I teach Aboriginal cultural to tour guides at Tauondi at Port Adelaide. I've been doing it for about 10 years now and I've been in this game 20 years on and off. Going around visiting schools and talking about Aboriginal culture. Now Aboriginal culture as we know is very diverse. There's over 600 different Aboriginal groups and different languages. What you heard me say was my language, of which there is not much left. I've got a little CD over there which you might like to hear later but that language probably hasn't been spoken in 100 years and I guess I'm lucky in that I was living at the tale end of this part of Australia where our language is dying out very fast, because the old people weren't speaking it or weren't allowed to speak it.

I guess this gentlemen was saying that there's a relationship between trees and the land itself. Or if trees are chopped down and we can't give that tree a name, or if there's a boulder (like all these moss rocks being moved around in Adelaide and put in people's gardens) there for our dreaming stories that are being removed at a rapid rate, and those little insects that were lying under it. 'Mate the garden looks nice but you're destroying all those little things that relates to a lot of Aboriginal people's dreaming.'

You all know Susans in the Mall, the clothes shop. Anyone been in Rundle Mall. There is a relationship and there is a cycle. Everyone lives in a cycle - everyone's got that same make up. We can almost look and identify Aboriginal people almost specifically even on the way they speak, the way they move, the way they have body language and so forth and where they come. I really can't tell the difference between non-Aboriginal, I mean European people. But I'm just trying to learn that kind of thing.
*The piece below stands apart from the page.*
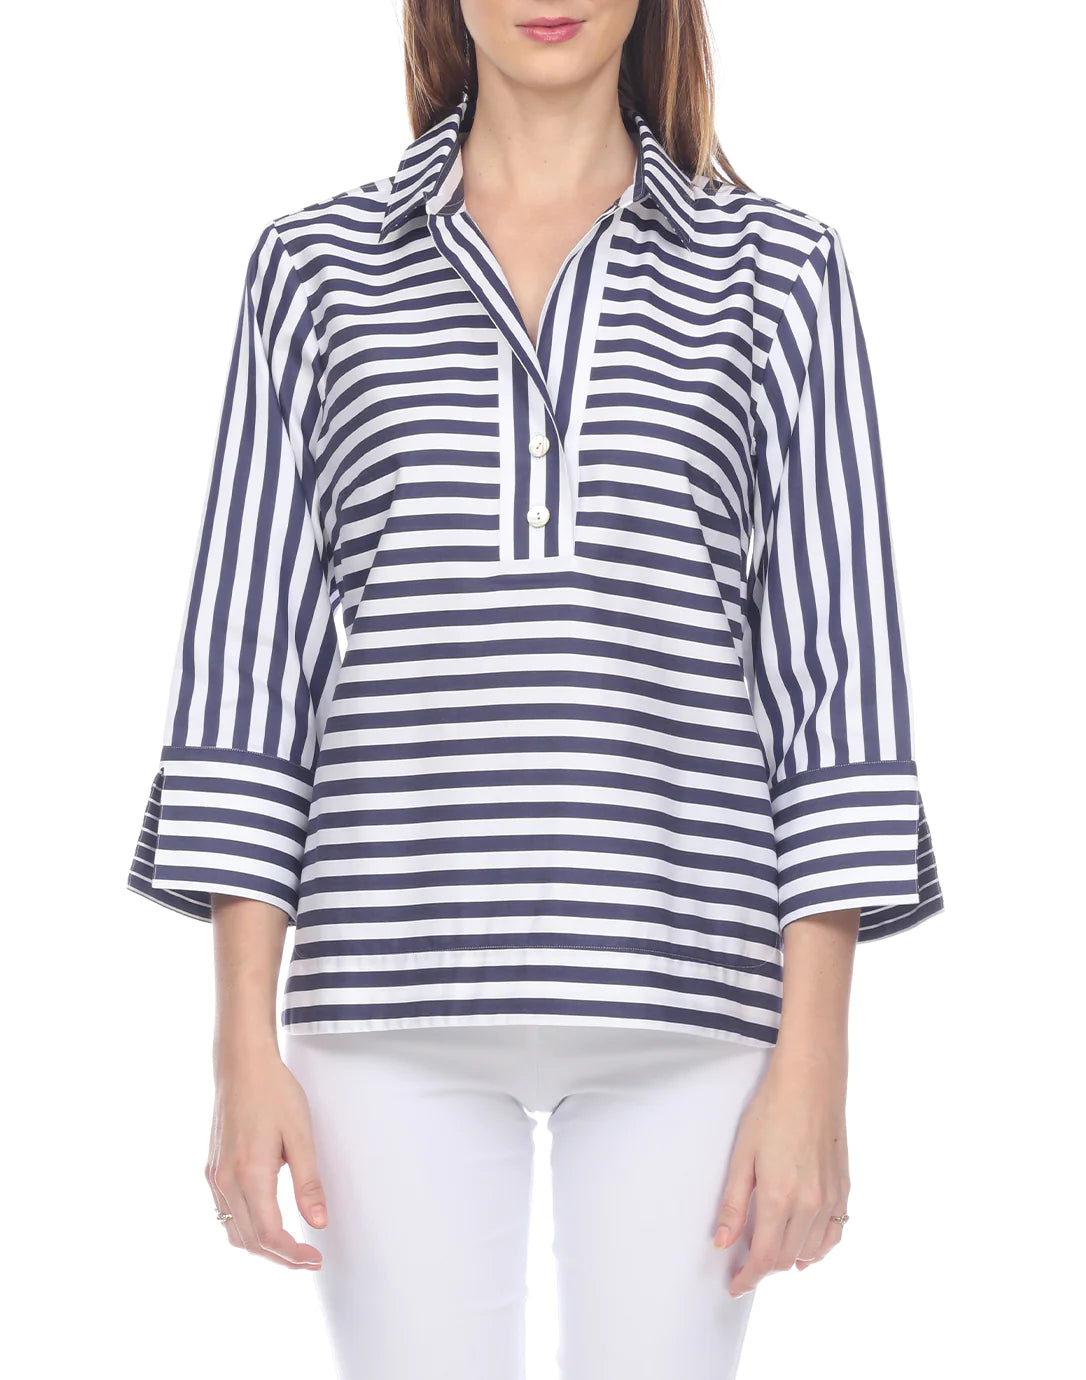 3/4 Sleeve Aileen Stripe with Gingham Cuff Top - Navy/White

In our own culture we understand that we can pick people by curly hair, straight hair, broad nose, eyebrows, long limbs, flat feet and so forth. And the colour of our skin may be a lot lighter than normal. We can't get melanoma for some unknown reason and if an Aboriginal fellow went up to the snow country his colour will fade cause he's in the light so much. Maybe the sun has got something to do with our make up.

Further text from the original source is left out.